= Provided material =

● ● ● ●

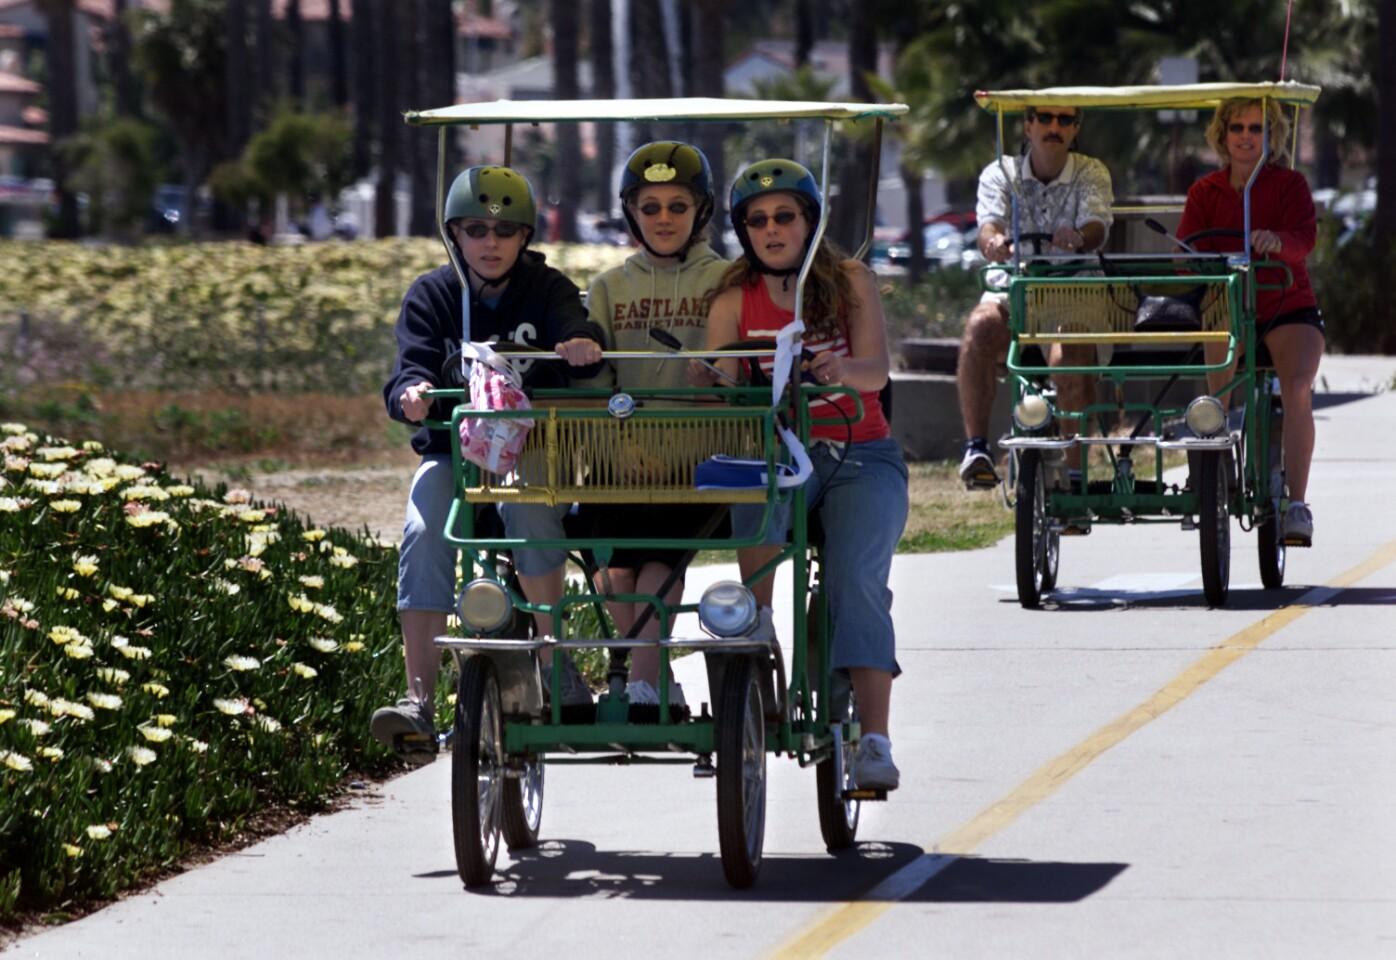 MA group in a surrey pedals along a bike path that runs along the beach.
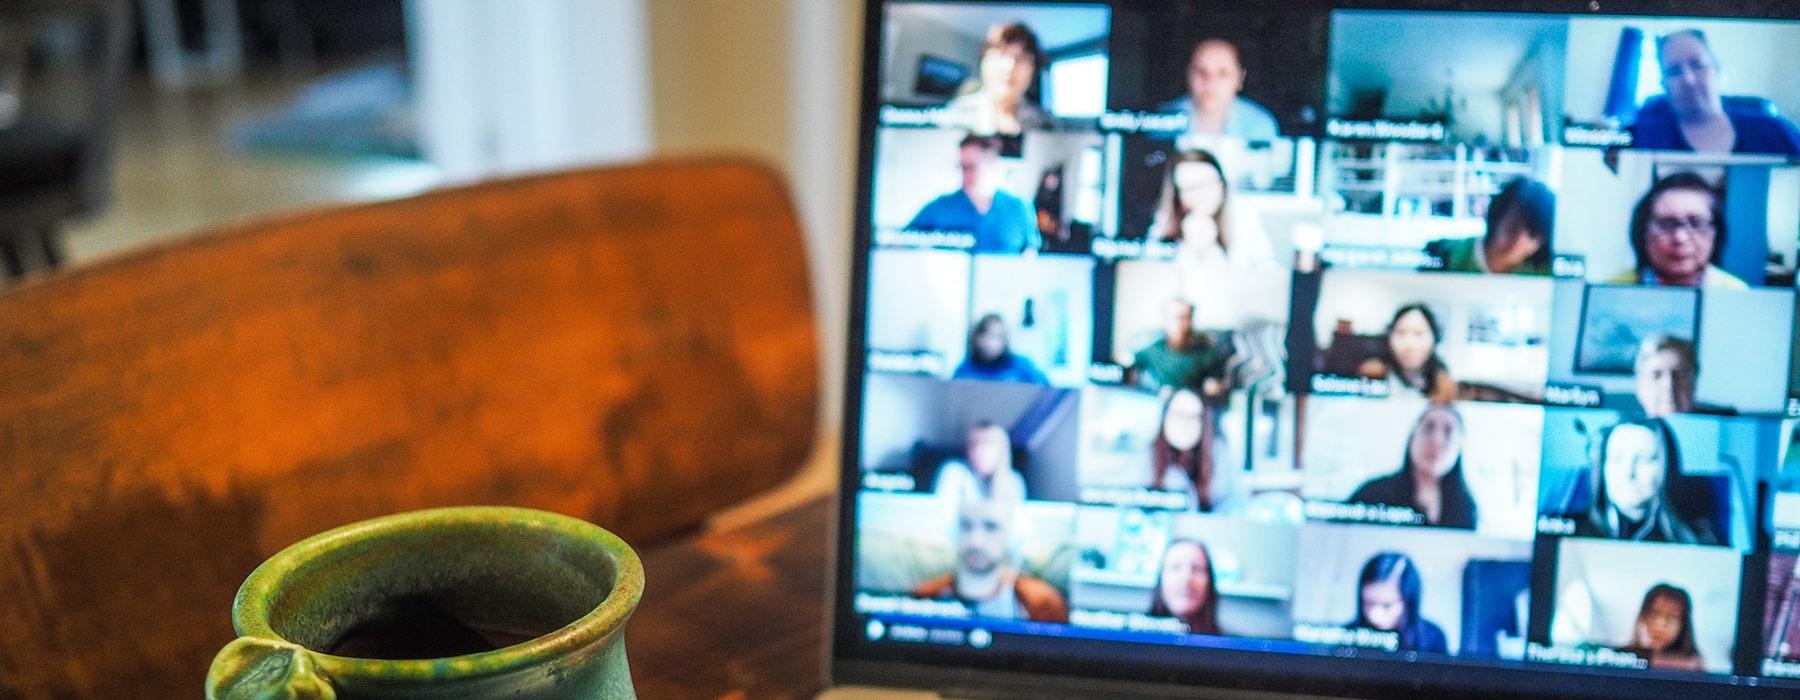 virtual team meeting on laptop
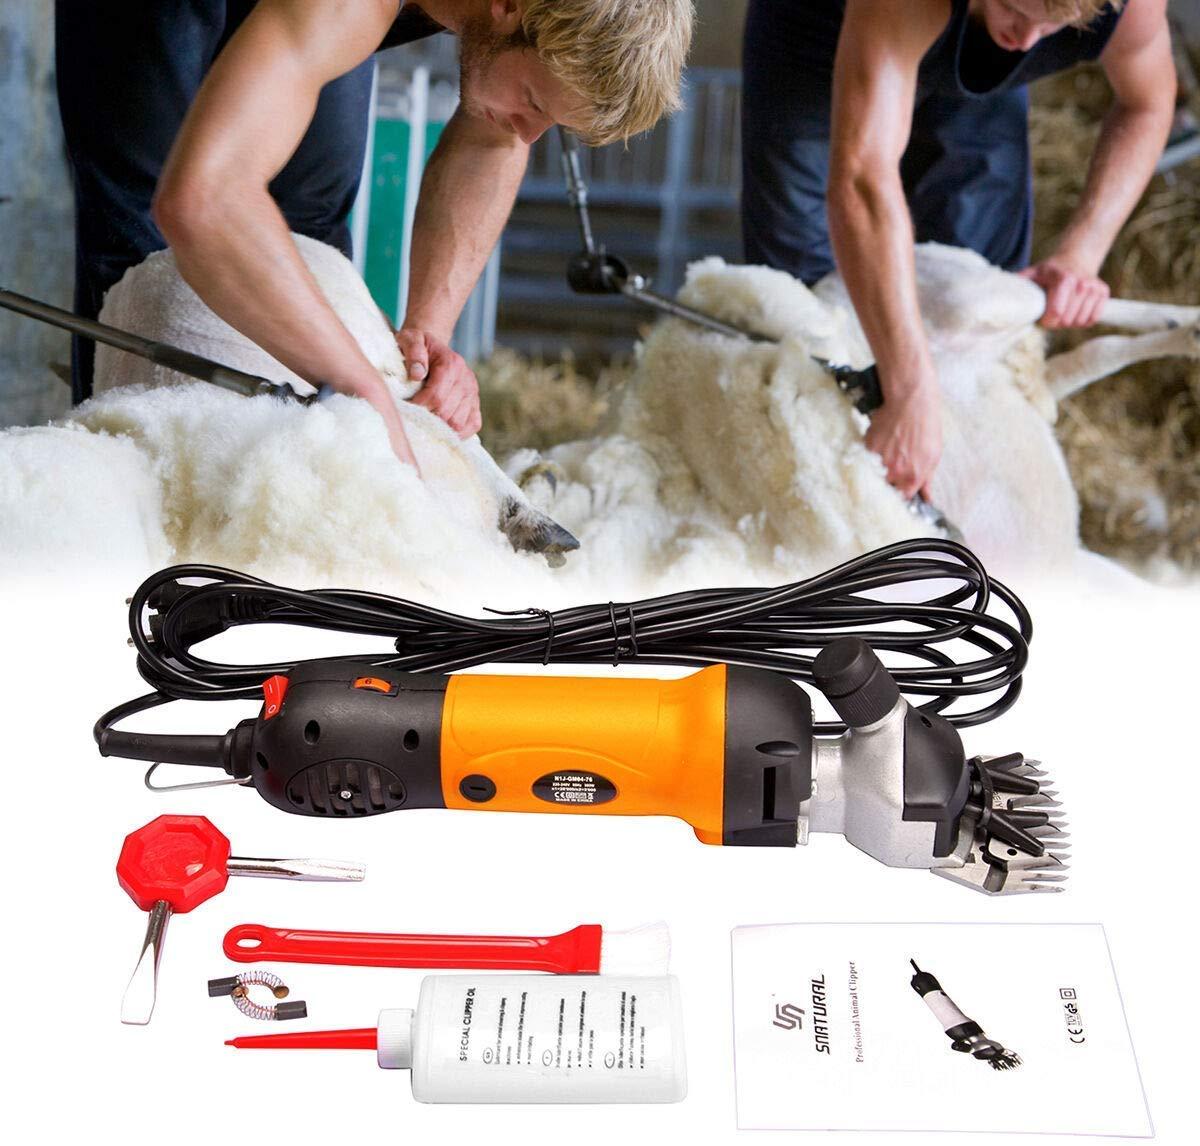 Ridgeyard 380W Electric Farm Supplies Animal Grooming Shearing Clipper Sheep Goat Shears Electric Clippers, Farm Supplier (380w) by Ridgeyard

● ● ● ●

Starting at the line that contains "virtual team meeting on laptop" and ending at the final line of the data, reproduce each line exactly. Pictures stay out of the copy.

 virtual team meeting on laptop
 Ridgeyard 380W Electric Farm Supplies Animal Grooming Shearing Clipper Sheep Goat Shears Electric Clippers, Farm Supplier (380w) by Ridgeyard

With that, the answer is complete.